Глава 19
28 апреля 2026, 08:52Ночной Хогвартс не спал. Он дышал — тяжело, с присвистом, как старая лошадь, которую загнали в стойло после долгой гонки. Каменные стены остыли за день, но ещё хранили тепло, источая едва уловимый запах пыли, воска и той особенной сырости, которая бывает только в замках, стоявших на болотах тысячу лет. В учительской Драко Малфоя было душно. Горела одна свеча на столе, и её пламя металось от каждого движения, отбрасывая на стены гигантские тени — они плясали, как пьяные призраки, не находя себе покоя. Луна пряталась за тяжёлыми тучами, и только редкие звёзды пробивались сквозь пелену, равнодушно наблюдая за тем, что происходило внизу.
Северус Снейп стоял напротив бывшего ученика. Расстояние между ними было не больше трёх шагов, но казалось целой пропастью — выжженной, бездонной, заполненной годами лжи, молчания и крови. Его палочка смотрела Драко в грудь, чуть левее сердца. Рука не дрожала. Он сам не дрожал. Только пальцы свободной руки — той, что висела вдоль тела — нервно теребили край мантии, выдавая то, что лицо скрывало идеально. Чёрные глаза впивались в бледное лицо Малфоя, и в них не было привычного сарказма или презрения — только выжженная пустота, в которой медленно разгорался пожар. Вопрос уже прозвучал и повис в воздухе, как топор, который вот-вот упадёт: «Ты помнишь Гермиону? Помнишь, что ты с ней сделал?»

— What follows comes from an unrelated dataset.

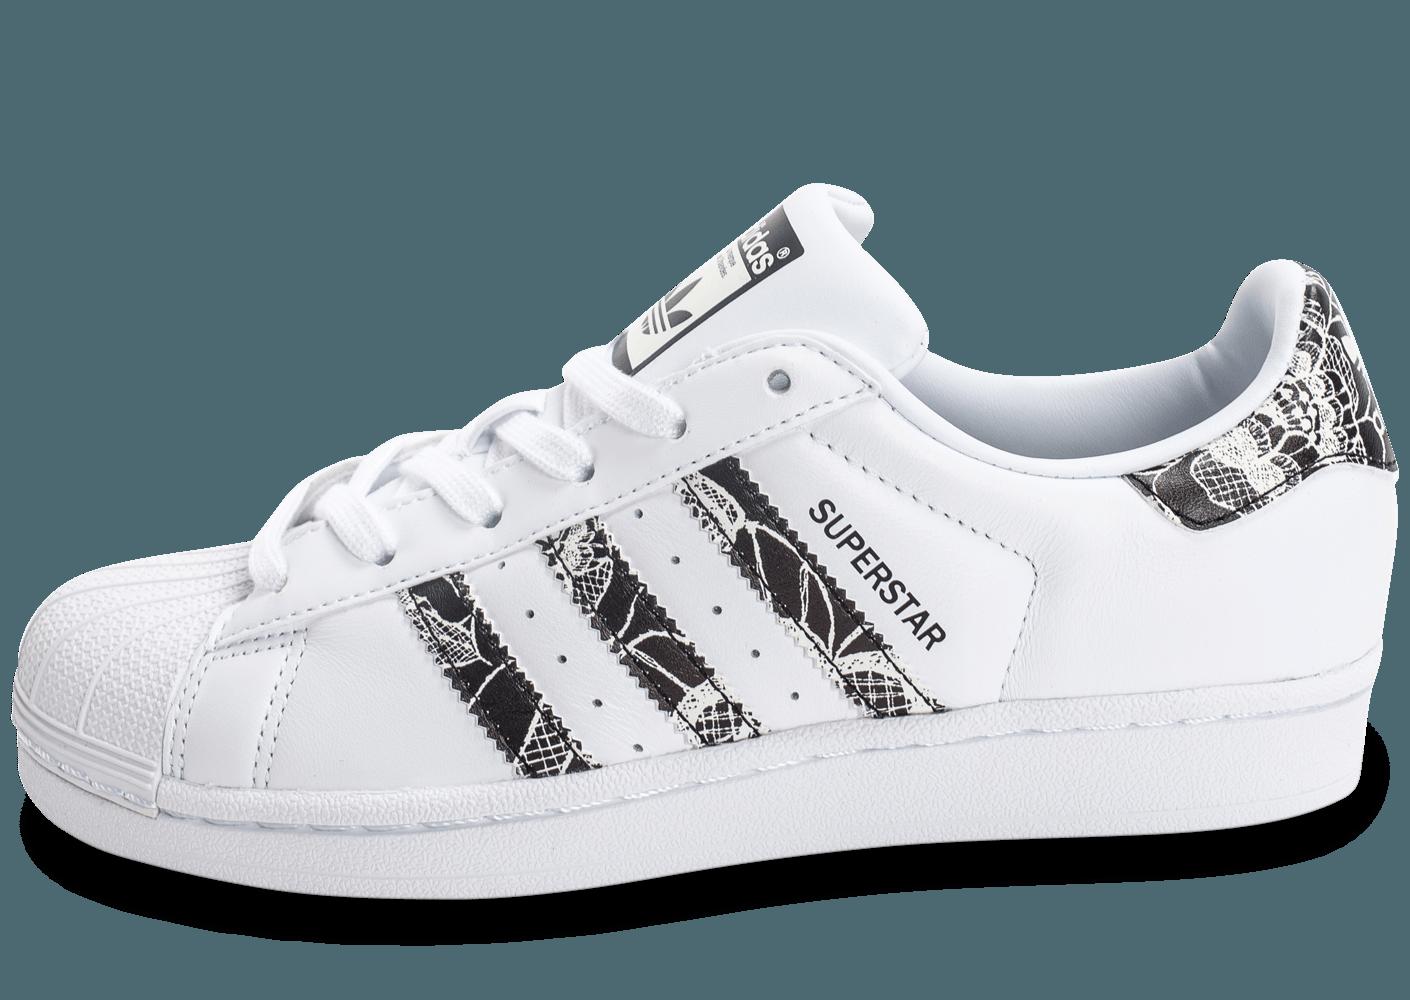 Retrouvez les Chaussures adidas Superstar Farm Company Print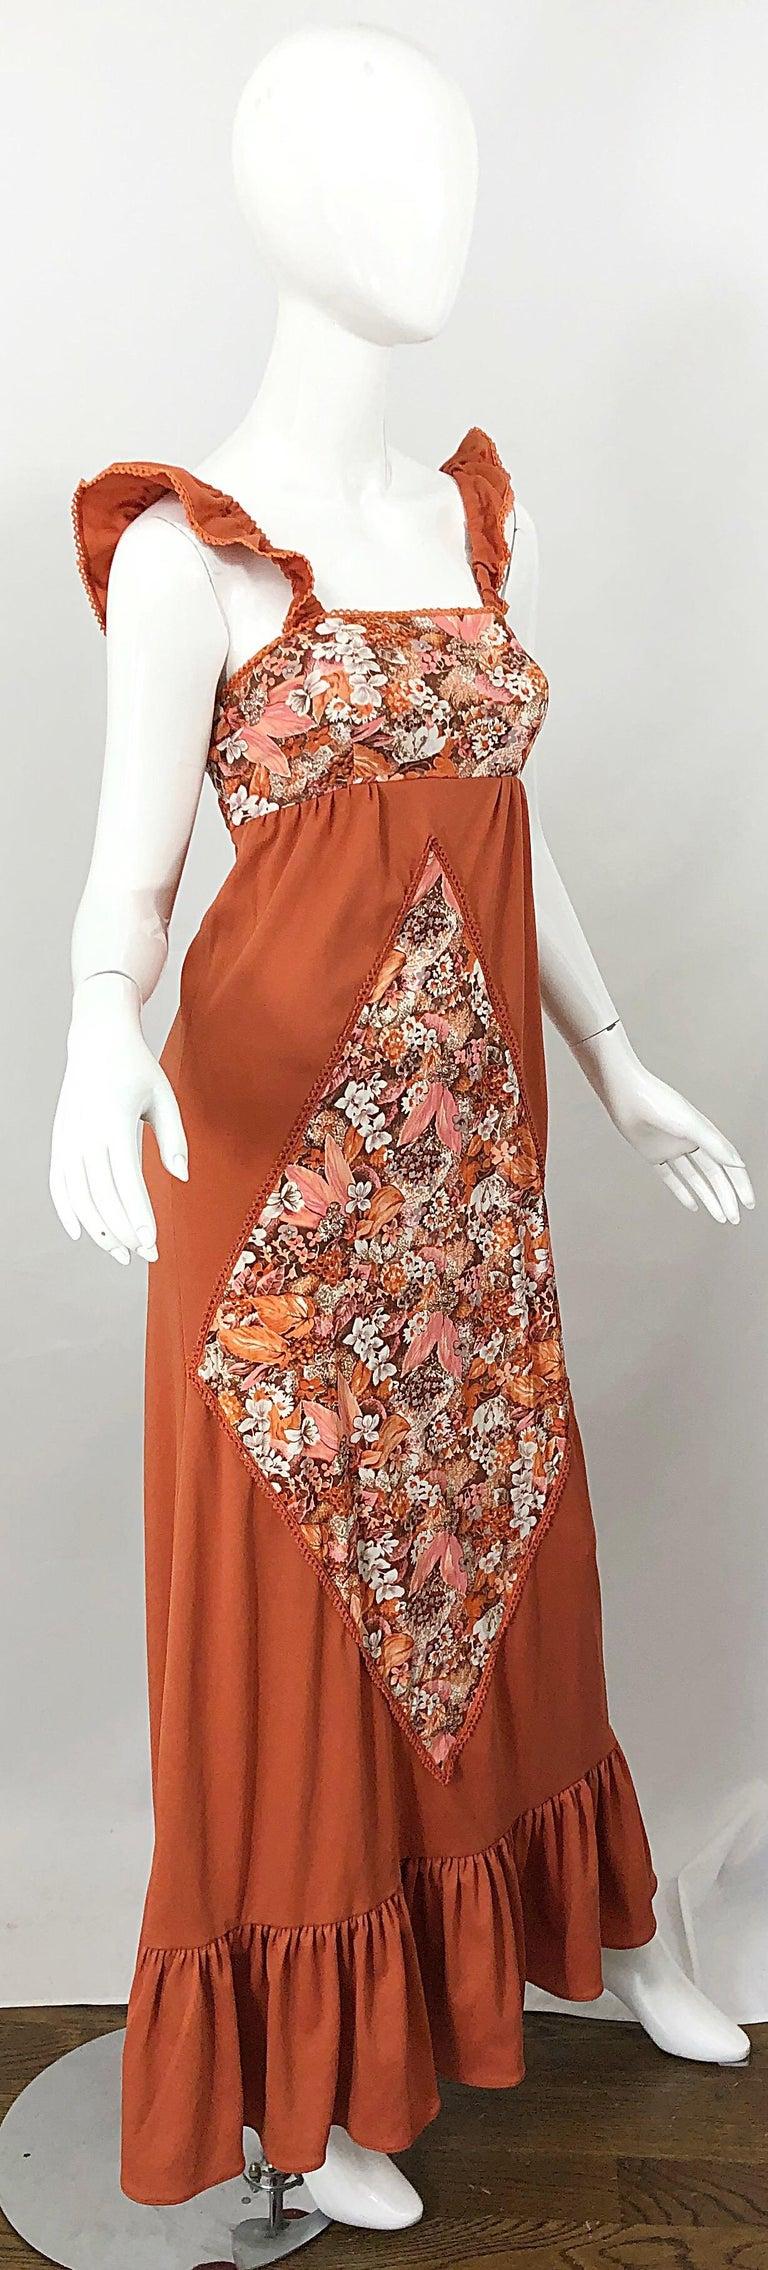 1970s Burnt Orange Patchwork Flowers Boho Vintage 70s Jersey Autumnal Maxi Dress For Sale 2

Драко стоял у стола, вцепившись в его край так, что побелели костяшки. Под ногтями — он заметил это краем глаза — запеклась кровь: он так сильно сжал дерево, что заноза впилась в палец, но боли он не чувствовал. Всё тело онемело. Только в груди — там, где сердце — пульсировало что-то горячее, тягучее, как расплавленный свинец. Платиновые волосы, обычно безупречно уложенные и намасленные, растрепались; одна прядь упала на лоб, и Драко не убирал её — не было сил. В углу губ засохла корочка от треснувшей губы, и когда он машинально облизнулся, то почувствовал солёный вкус страха и собственной крови. Он смотрел на палочку Снейпа, потом в его глаза — и то, что он там увидел, заставило его сделать полшага назад, к стене, будто камень мог защитить его от того, что надвигалось
— Северус, я… — голос сел, сорвался на хрип, горло сдавило спазмом, и он прокашлялся — сухо, больно, как будто по горлу прошлись наждаком. — Я не…

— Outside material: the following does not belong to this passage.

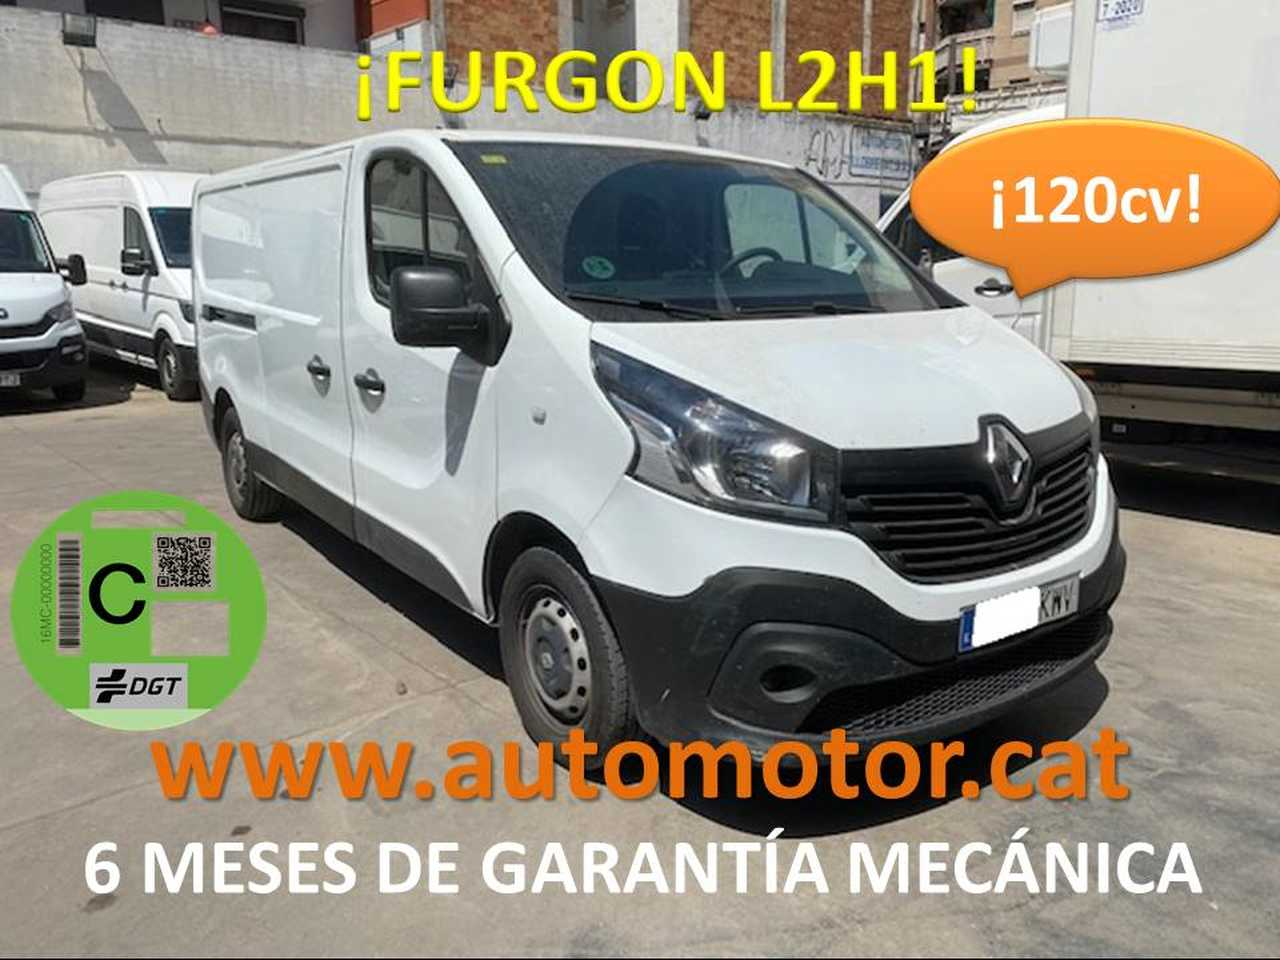 Renault Trafic Furgón 29L2H1 dCi - GARANTIA MECANICA  - Foto 1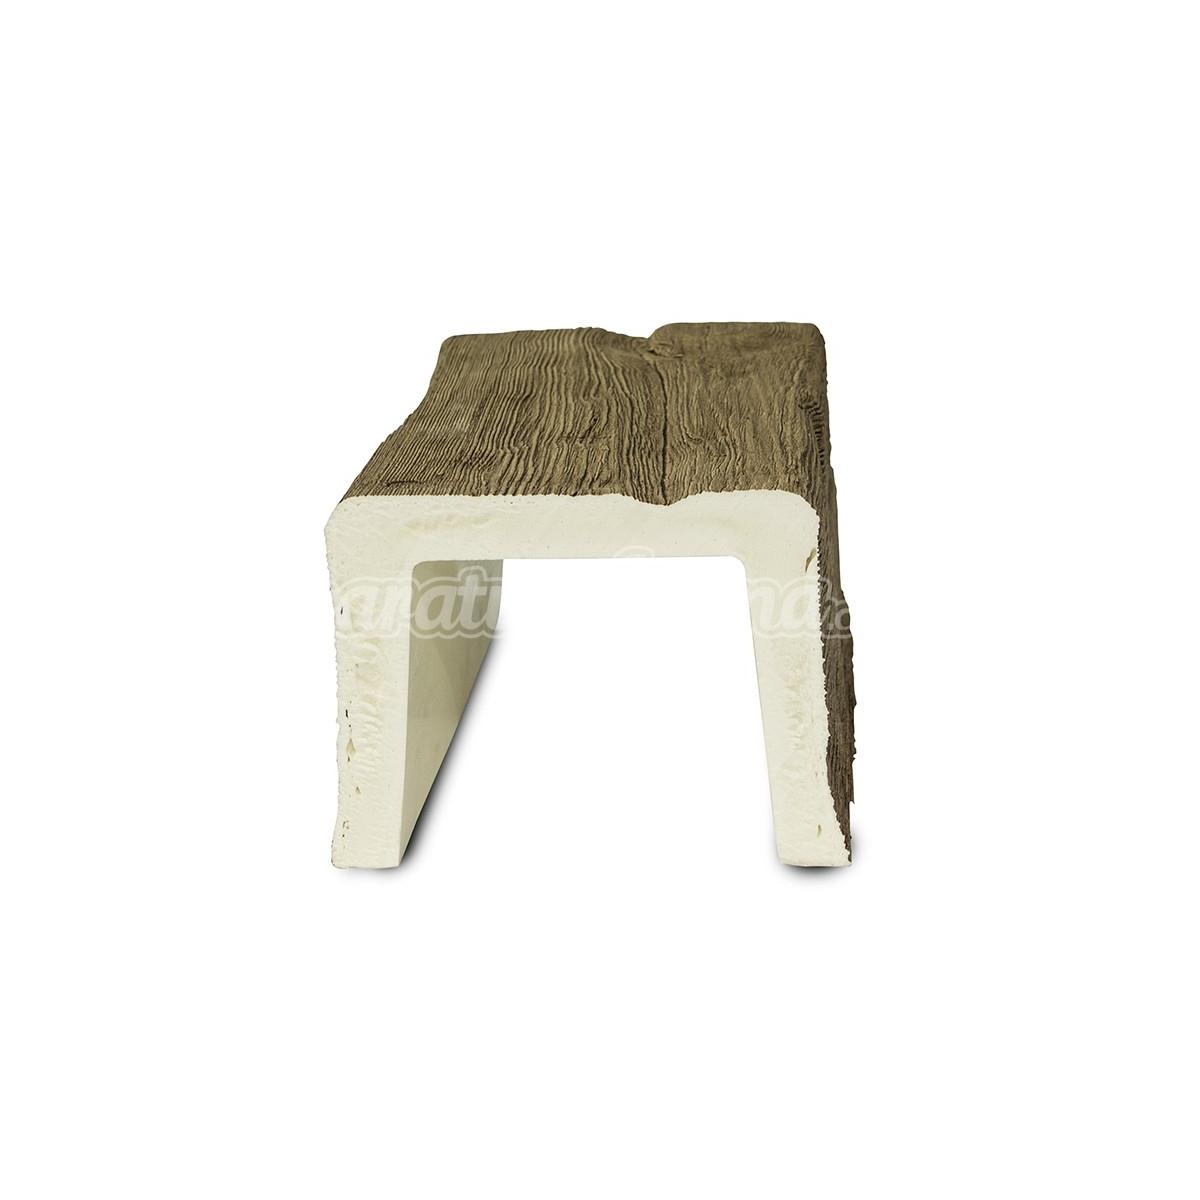 Viga 300x12,5x8 imitación madera Grupo Unamacor

— Не смей, — прошипел Снейп, шагнув вперёд. Сапог глухо стукнул о каменный пол — звук отдался эхом, заметался по комнате, затих где-то в углах, набитых тенями. — Не смей говорить, что не помнишь. Не смей врать мне. Не сейчас. Ты будешь смотреть мне в глаза, Малфой, и говорить правду. В первый и последний раз в своей жалкой жизни.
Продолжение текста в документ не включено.